**Raw data:**
______

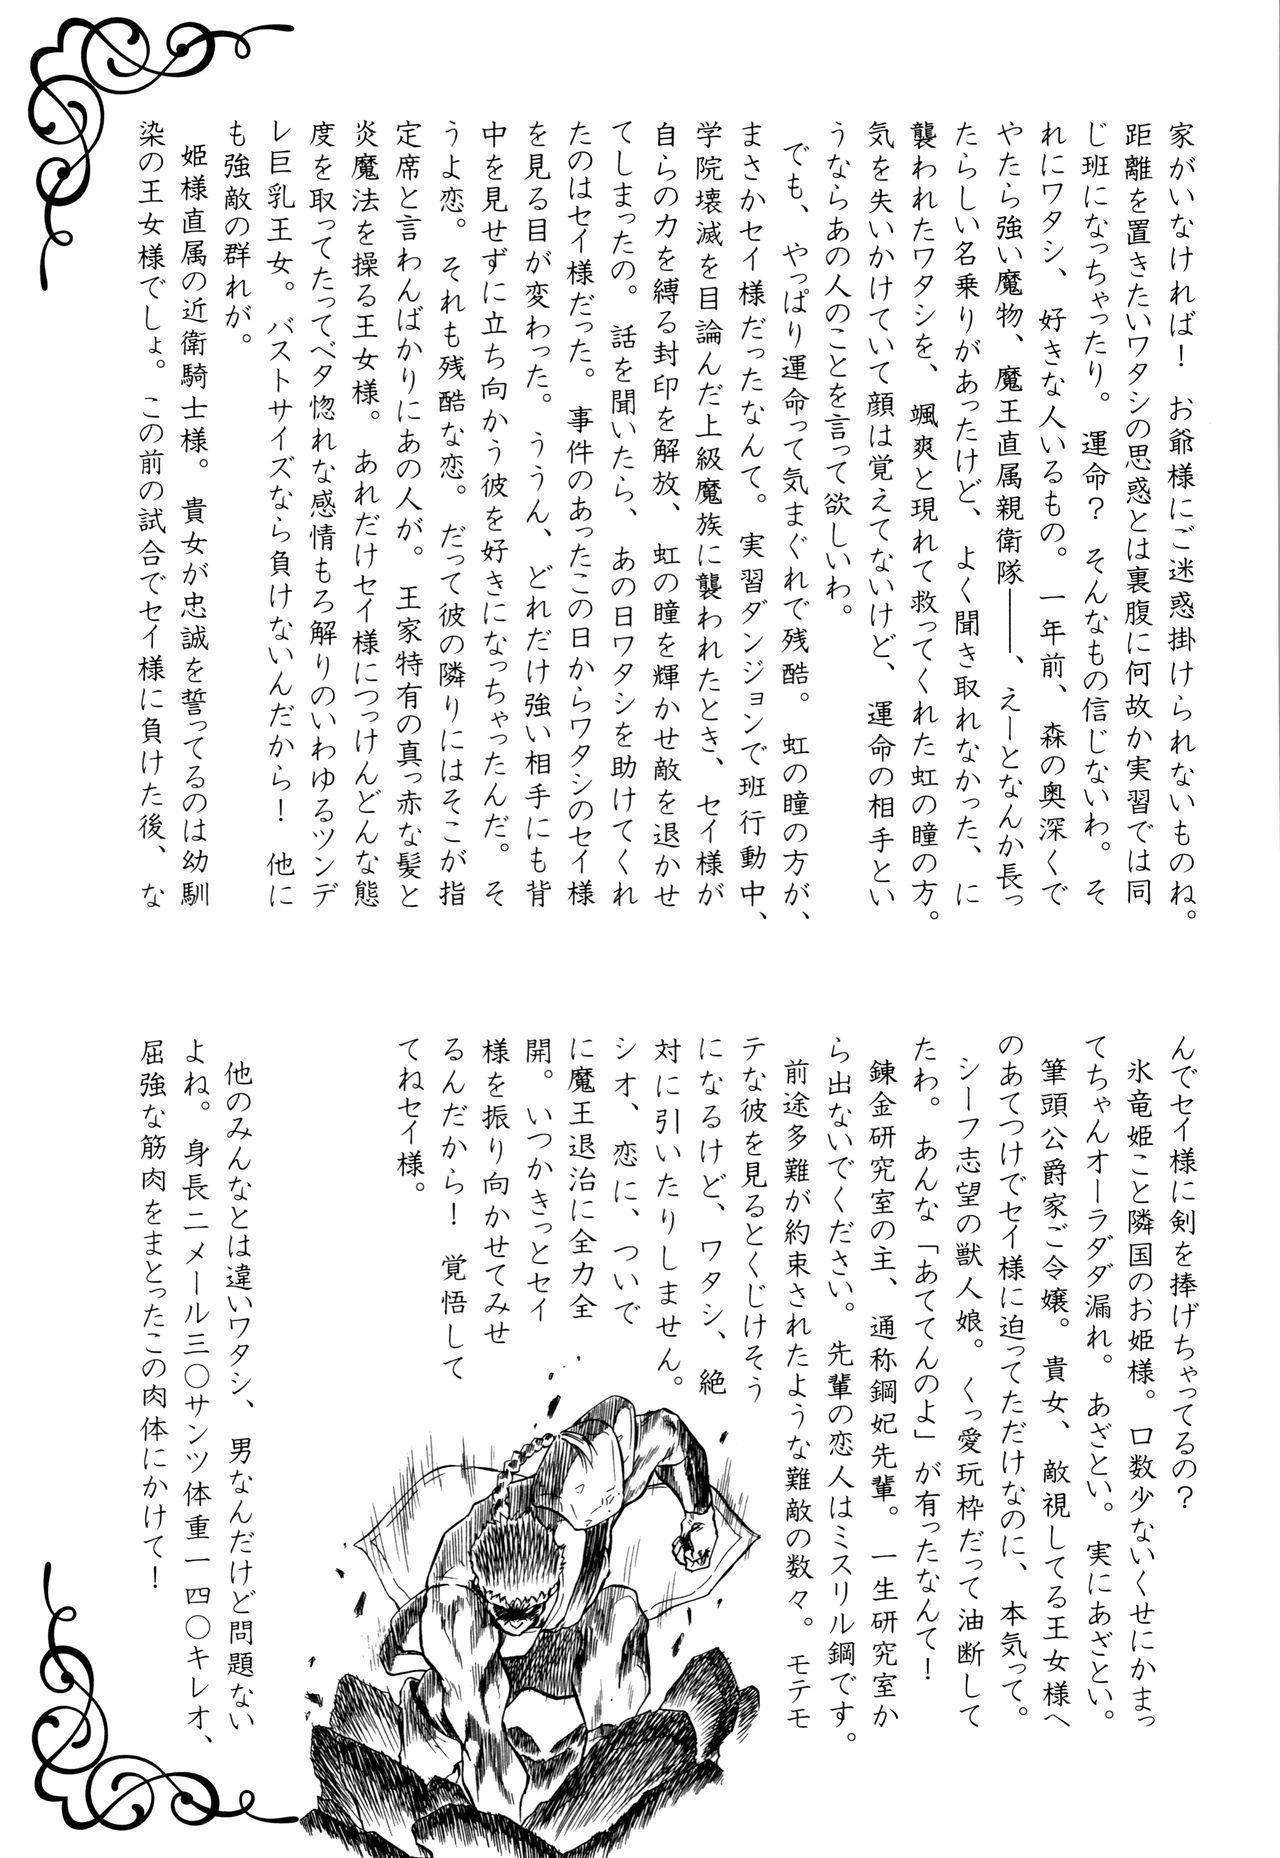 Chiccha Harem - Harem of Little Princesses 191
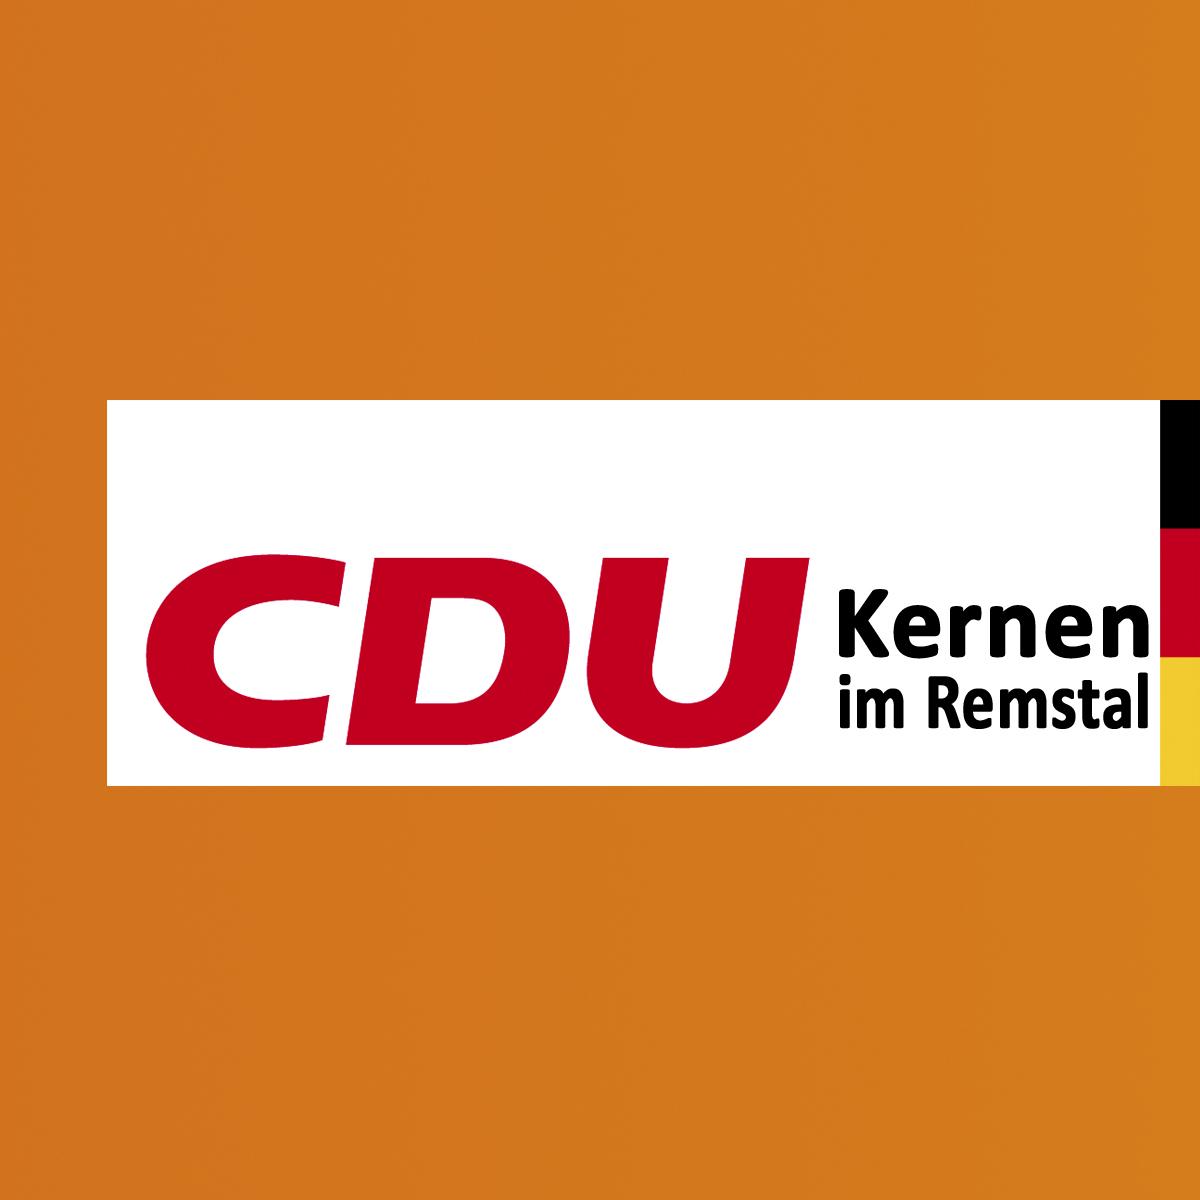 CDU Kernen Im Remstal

______

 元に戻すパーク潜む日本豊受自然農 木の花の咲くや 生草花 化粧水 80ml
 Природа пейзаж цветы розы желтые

______

**Try it:** Return only the lines between the one holding "元に戻すパーク潜む日本豊受自然農 木の花の咲くや 生草花 化粧水 80ml" and the one holding "Природа пейзаж цветы розы желтые", inclusive, exactly as they appear above.

**Exercise output:**
 元に戻すパーク潜む日本豊受自然農 木の花の咲くや 生草花 化粧水 80ml
 Природа пейзаж цветы розы желтые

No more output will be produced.